L’étude d’impact environnemental réalisée par le bureau Ouvert en 2017 confirme ces avantages pour l’utilisation du biocombustible produit par OD. Cela implique une réduction des émissions de CO2 de 96 % par rapport au fioul et de 62 % par rapport à l’ester méthylique d’huile pure. Près de 80 % des émissions de CO2 générées par le processus de revalorisation des HAU par OD (de la collecte à la combustion) sont dues à la phase de combustion du biocombustible. Hormis cela, le bureau d’études a constaté que les transports (livraison et collecte) étaient l’activité à plus fort impact carbone, d’où la nécessité de rester à une échelle locale et d’optimiser l’impact environne-mental de chaque kilomètre lors des tournées de collecte d’HAU, en essayant de récupérer de gros volumes d’huiles.

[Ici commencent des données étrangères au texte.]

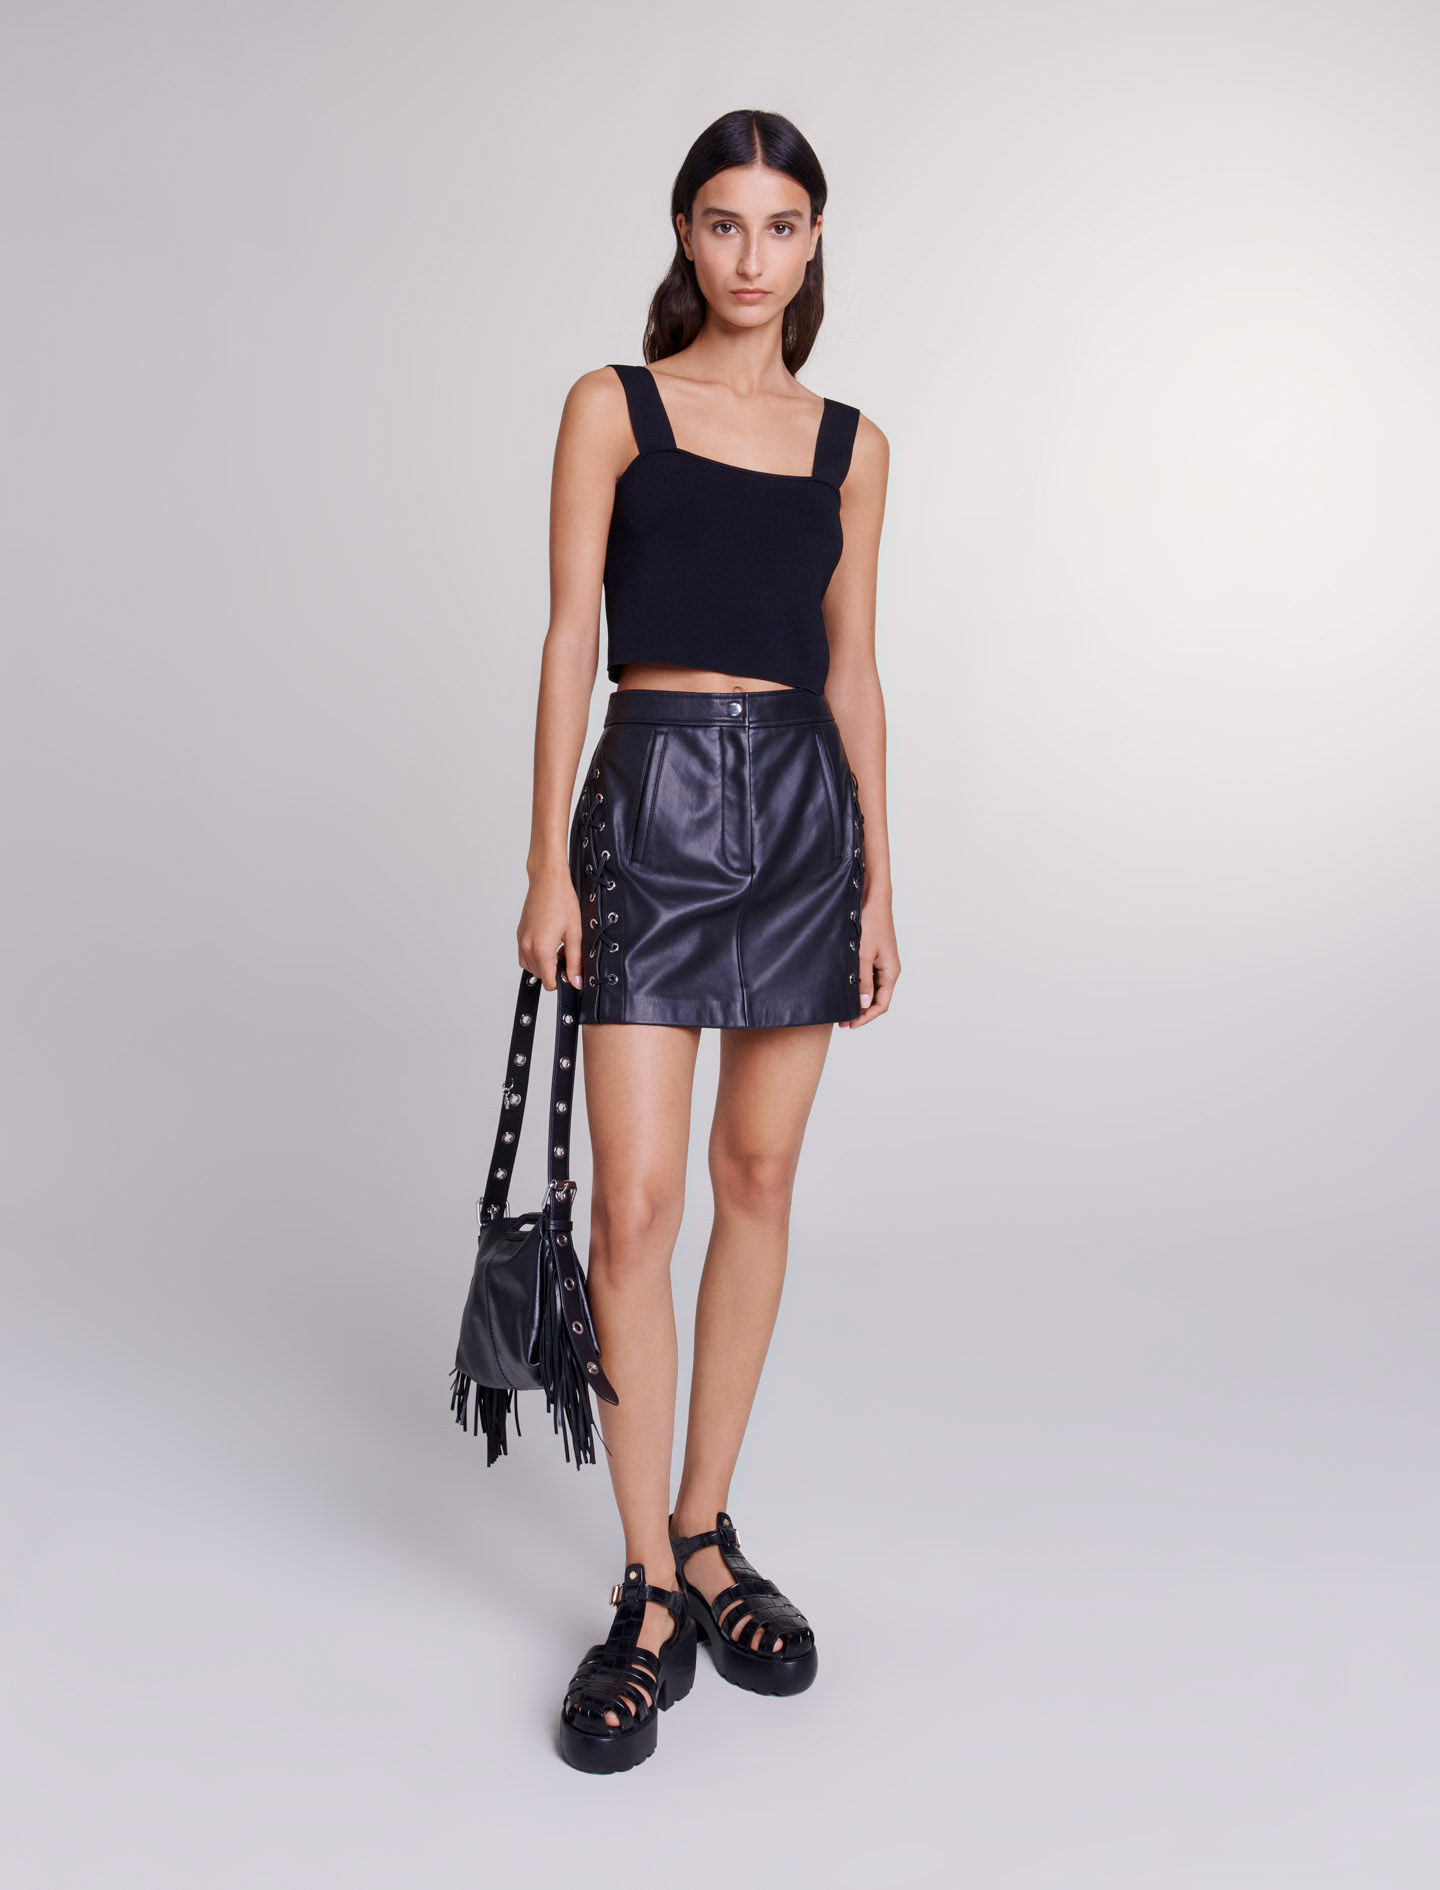 Maje Woman's polyester Yoke: Short leather skirt for Spring/Summer, in color Black / Black

De plus, l’électricité utilisée par l’association pour son activité est issue d’un mix d’énergies renouvelables produites localement en région PACA, grâce au fournisseur énergétique Enercoop : cela permet de réduire par six l’impact carbone de l’énergie par rapport à une fourniture classique d’électricité (Ouvert, 2017).

Dimension économique

Sur le plan économique, l’innovation d’OD s’inscrit dans le modèle de l’économie circulaire, car elle « vise à augmenter l’efficacité de l’utilisation des ressources et à diminuer l’impact sur l’environnement tout en développant le bien-être des individus » (ADEME, 2014). Le bassin d’approvisionnement en HAU et le bassin d’utilisation des HAUR se confondent, conservant ainsi la richesse créée sur le territoire. Le biocombustible est en effet livré au maximum à 170 km de Marseille.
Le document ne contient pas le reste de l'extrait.